Paris, Carrousel du Louvre, 20 February 2019. —CRIF President Francis Kalifat (l.) and Emmanuel Macron at the opening of the 34th annual CRIF dinner
Ludovic Marin/AFP

Ever since France has been commemorating the Vel d’Hiv round-up, no Israeli Prime Minister had ever been invited to attend. And for good reason: the State of Israel did not exist in 1942, and the yishuv, the Jewish community in Palestine, could scarcely have come to the aid of its endangered European cousins. The newly elected president of the French Republic, Emmanuel Macon broke new ground by inviting Benyamin Netanyahu to attend the ceremony on 16 July 2017, addressing him as “dear Bibi” and declaring: “We will make no concessions to anti-Zionism for it is the new guise of anti-Semitism.”

This statement, which conflates a crime under French law, anti-Semitism, with an opinion, anti-Zionism, opened a dangerous opportunity for those who wish to create an offence of opinion and stifle any criticism of Israel’s policies. After the efforts to criminalise the campaign Boycott Disinvestment Sanctions (BDS), will they manage to outlaw anti-Zionism?

Contra BDS

A few weeks later, the chairman of the Representative Council of French Jewish Institutions (Conseil représentatif des institutions juives de France, CRIF), Francis Kalifat, threw caution to the winds:

To declare that anti-Zionism is a new form of anti-Semitism is to recognise a truth that the CRIF has been hammering home for years now, in particular in our fight against BDS. It is time to stop beating about the bush and start thinking about how to prosecute this new anti-Semitism. French legislation, which is very complete when it comes to fighting ‘classical’ anti-Semitism, does not yet have the weapons to combat anti-Zionism.

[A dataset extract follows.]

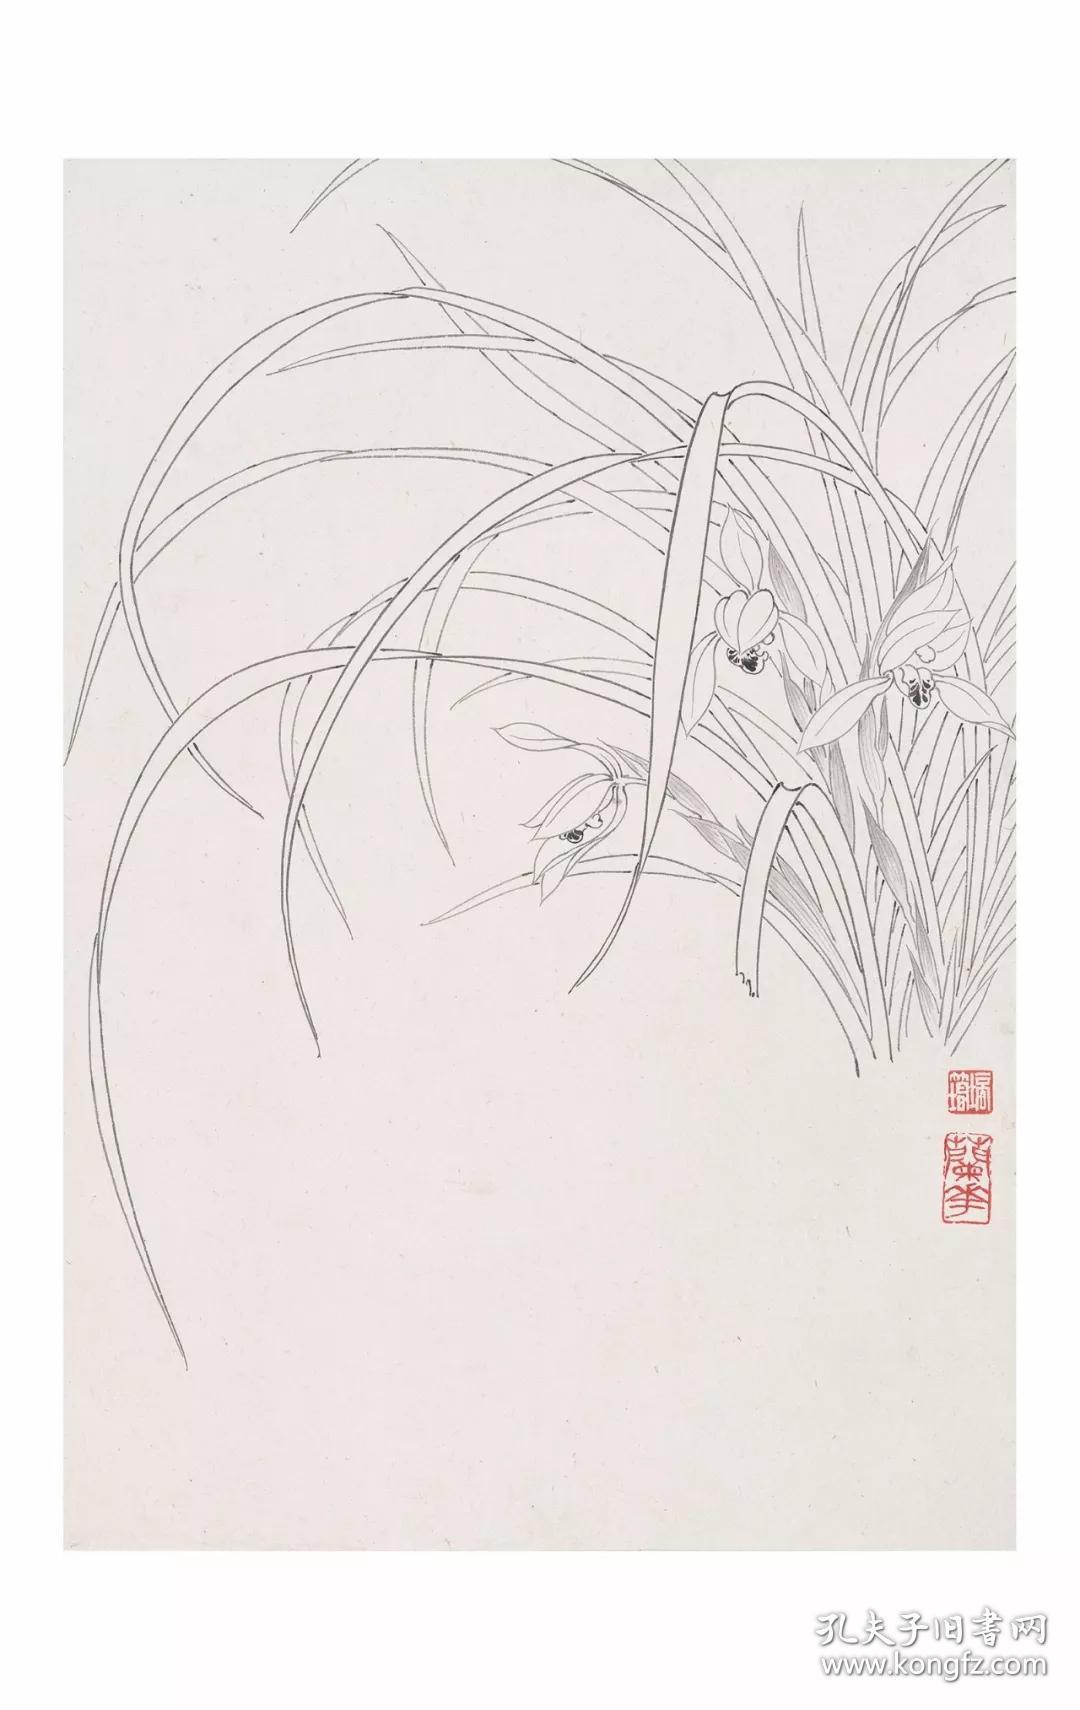 章培筠白描花鸟作品集 / 附工笔花鸟画教材二,白描花卉图片

And he went on to demand that the definition of anti-Semitism formulated by The International Holocaust Remembrance Alliance “be transposed into the French legal arsenal.” Oddly enough, the definition in question makes no mention of anti-Zionism. It comprises just two sentences:

Anti-Semitism is a certain perception of Jews, which may be expressed as hatred toward Jews. Rhetorical and physical manifestations of anti-Semitism are directed toward Jewish or non-Jewish individuals and/or their property, toward Jewish community institutions and religious facilities.

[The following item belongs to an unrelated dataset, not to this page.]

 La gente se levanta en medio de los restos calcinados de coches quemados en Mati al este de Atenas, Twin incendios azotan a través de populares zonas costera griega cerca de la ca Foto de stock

This is followed by several examples, meant to serve as “illustrations,” among them this:

Manifestations might include the targeting of the state of Israel, conceived as a Jewish collectivity. However, criticism of Israel similar to that levelled against any other country cannot be regarded as anti-Semitic.

In its annual report for 2018 on the struggle against racism, the Commission nationale consultative des droits de l’homme (CNCDH) came out against this transposition. Because “it is not compatible with the French judiciary tradition to make such a distinction between different forms of racism”; and because “a singularisation of anti-Semitism as opposed to other forms of racism might open Pandora’s box, encouraging other groups victimised by racism to demand a similar recognition”: and because “it might undermine the universal and indivisible approach to the struggle against racism which must prevail.”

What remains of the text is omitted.